Analisi dell’espressione dell’EGFRvIII sul tumore primario (Figura 1): Dopo essere
state deparaffinizzate, le sezioni di 10 m di spessore sono state digerite mediante
esposizione per tutta la notte a 55°C in 200 µl di TENS 1x (10 mMTris pH 7.4, 10
mM EDTA, 100 mM NaCl, 1% SDS) con 100 mg/ml di proteinasi K; l’RNA è stato
quindi estrato con RNeasy mini kit (Qiagen) secondo le istruzioni del produttore.
Dopo l’estrazione dell’RNA, il cDNA è stato sintetizzato come precedentemente
descritto (Martini et al., 2008).

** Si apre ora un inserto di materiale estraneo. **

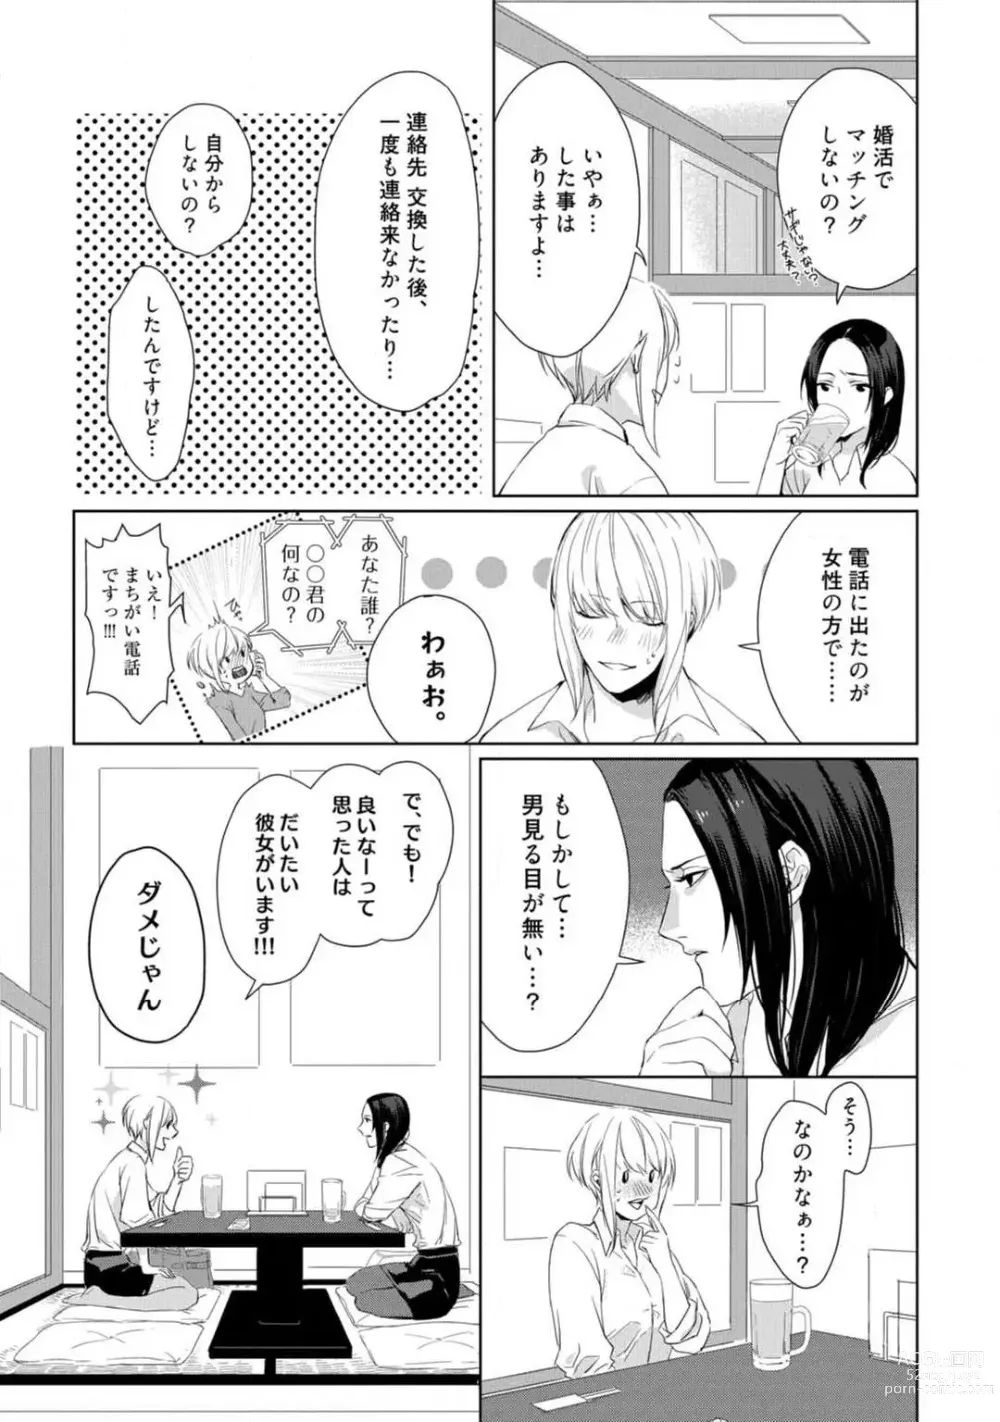 Page 3 of manga Kamidanomi Konkatsu 1-12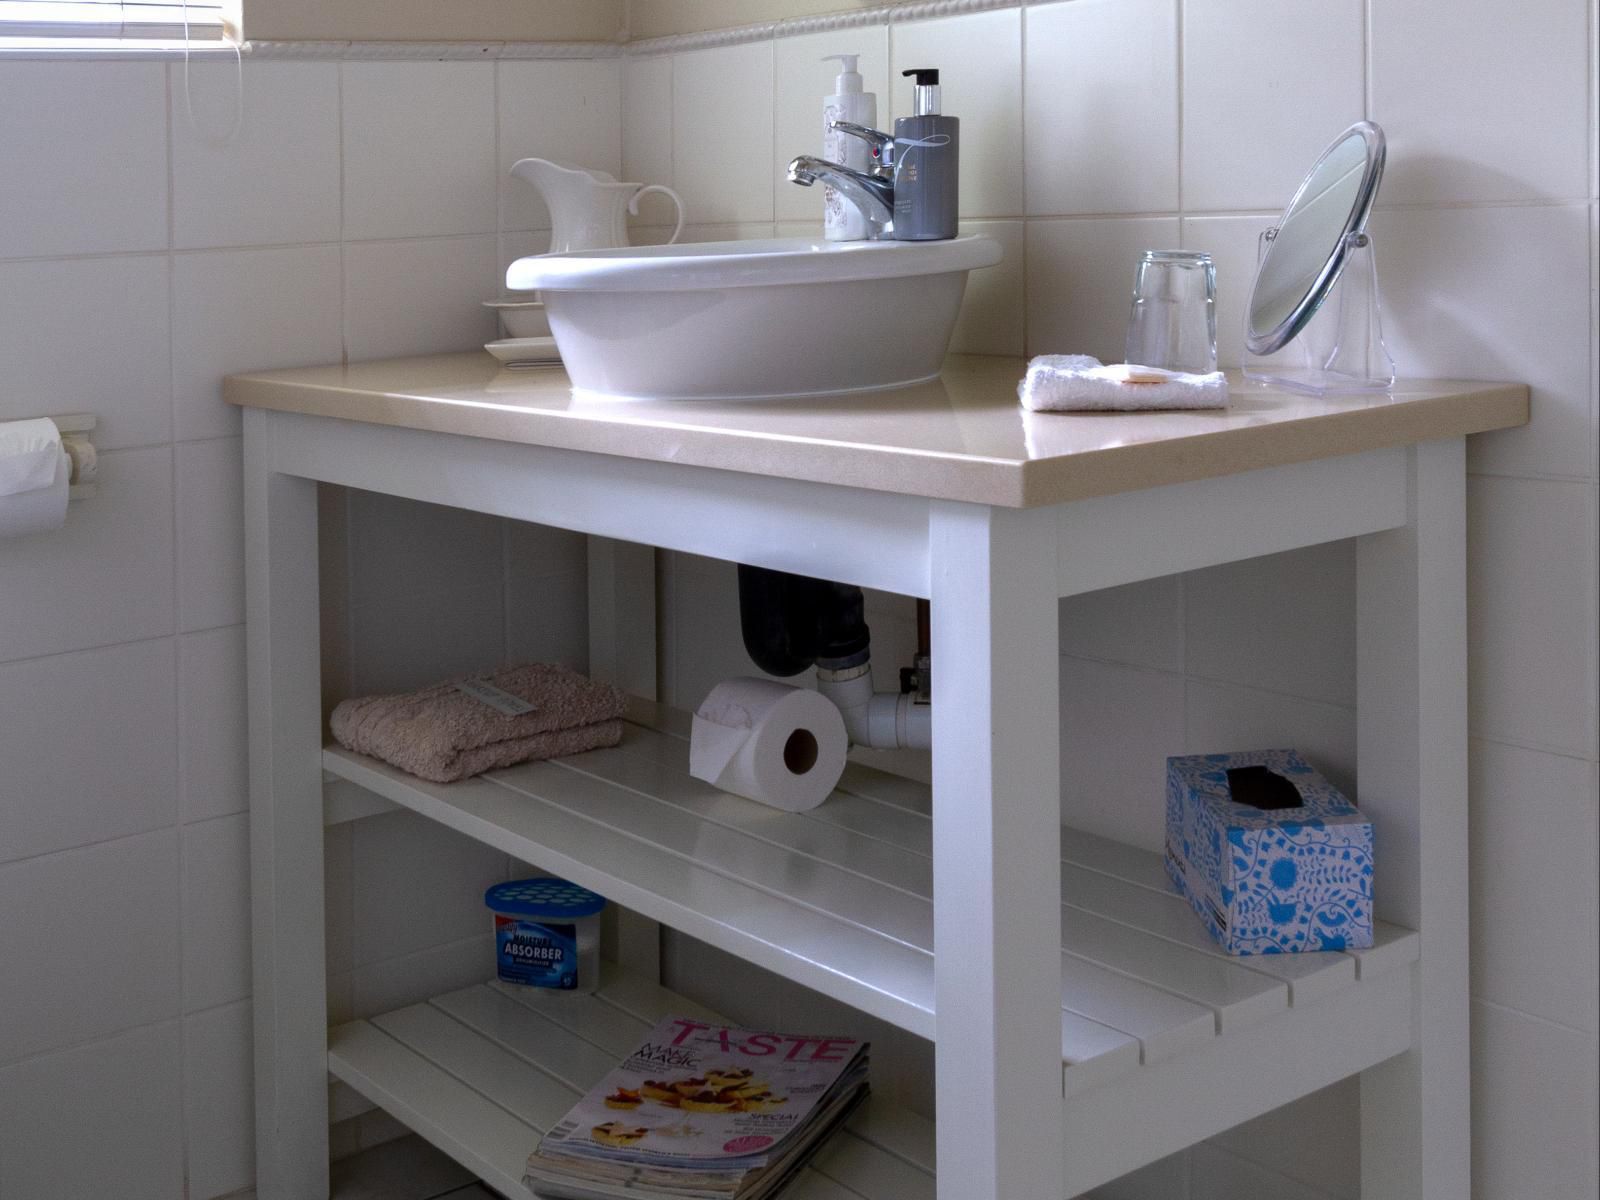 Avilla House Westville Durban Kwazulu Natal South Africa Unsaturated, Basket, Bathroom

I primer e le condizioni di PCR sono analoghe a quelle
utilizzate da Yoshimoto et al. (2008). L’amplificazione di -actina è stata usata come
controllo interno.
Analisi quantitativa dell’espressione dell’EGFRvIII sul tumore primario e sulla
recidiva: Nei pazienti rioperati per recidiva, è stata eseguita un’analisi quantitativa
dell’espressione dell’EGFRvIII mediante real-time RT-PCR, su campioni di tumore
primario e di recidiva microdissezionati con laser, con la tecnica SYBR green
chemistry. I reagenti sono stati descritti in un precedente lavoro (Martini et al, 2008).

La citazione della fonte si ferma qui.